He had the right to remain silent. He knew that everything he said could and would be used against (and for) him. And yet, when Judge John G. Roberts Jr. was asked last week by Senator Arlen Specter, who heads the Senate Judiciary Committee, whether he believed the "right to privacy" existed in the Constitution, Mr. Roberts replied, "Senator, I do."

History suggests that if he had not, Judge Roberts would have sunk his chances to become the 17th chief justice of the United States just 20 minutes into his 20 hours of confirmation testimony. So many Americans - and so many senators - now accept that concept as an organizing principle of modern life and law that Robert H. Bork's confirmation as an associate justice collapsed 18 years ago this month in the face of his refusal to find such a right.

But the phrase appears nowhere in the Constitution itself: Privacy to do just what, and with whom, under what circumstances, with the benefit of what technology? There's the rub, as Judge Roberts reflected: He endorsed Griswold v. Connecticut, the 40-year-old Supreme Court decision that enshrined married couples' right to use contraception, but steered clear of embracing the more controversial rulings that have grown - or may yet grow - out of it involving abortion, gay sex and the right to die.

"Where we're talking about private heterosexual conduct, we're not in a debate," said Pauline Maier, a historian at the Massachusetts Institute of Technology who studies America's founding era. "But the controversy comes in those areas where people feel the private activity has an impact on the fabric of society as a whole, and that's where liberals and conservatives disagree. Fundamentalist Christians say homosexuality is awful and will damage society, and liberals say, 'If that's who they want to sleep with, let them.' "

The phrase "right to privacy" first appeared in an 1890 Harvard Law Review article by Louis D. Brandeis and his law partner, Samuel D. Warren. And as Judge Roberts noted, the notion began flowering 80 years ago in Supreme Court decisions that struck down laws that required children to attend only public schools and barred the teaching of foreign languages in elementary school, on the grounds that they violated the 14th Amendment's guarantee that no state shall "deprive any person of life, liberty or property without due process of law."
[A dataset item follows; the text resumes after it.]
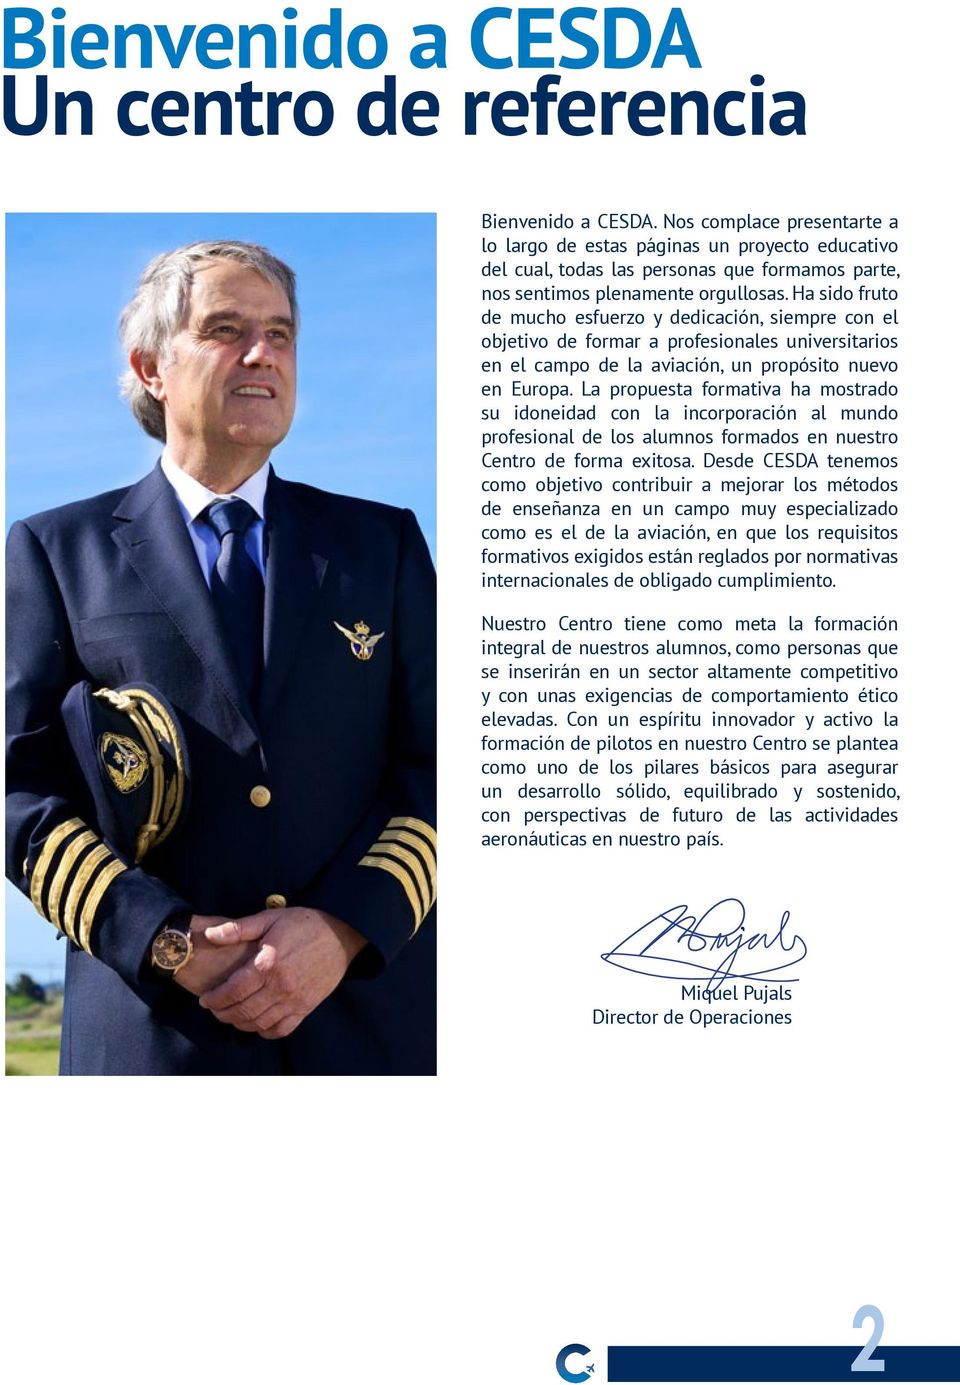 Ha sido fruto de mucho esfuerzo y dedicación, siempre con el objetivo de formar a profesionales universitarios en el campo de la aviación, un propósito nuevo en Europa.

Such reasoning eventually led to Roe v. Wade, the 1973 decision that established a constitutional right to abortion, and for which "privacy" has become neutral-sounding shorthand. It was that precedent that propelled the line of questioning by Senator Specter, a moderate Republican and ardent supporter of abortion rights. But, as Judge Roberts also noted, concepts of privacy are at least as old as the Bill of Rights, and vitally important to libertarian conservatives, who resist government intrusions like the Clinton administration's raid on the Branch Davidian compound in Waco, Tex., or the Bush administration's Patriot Act after the Sept. 11, 2001, attacks.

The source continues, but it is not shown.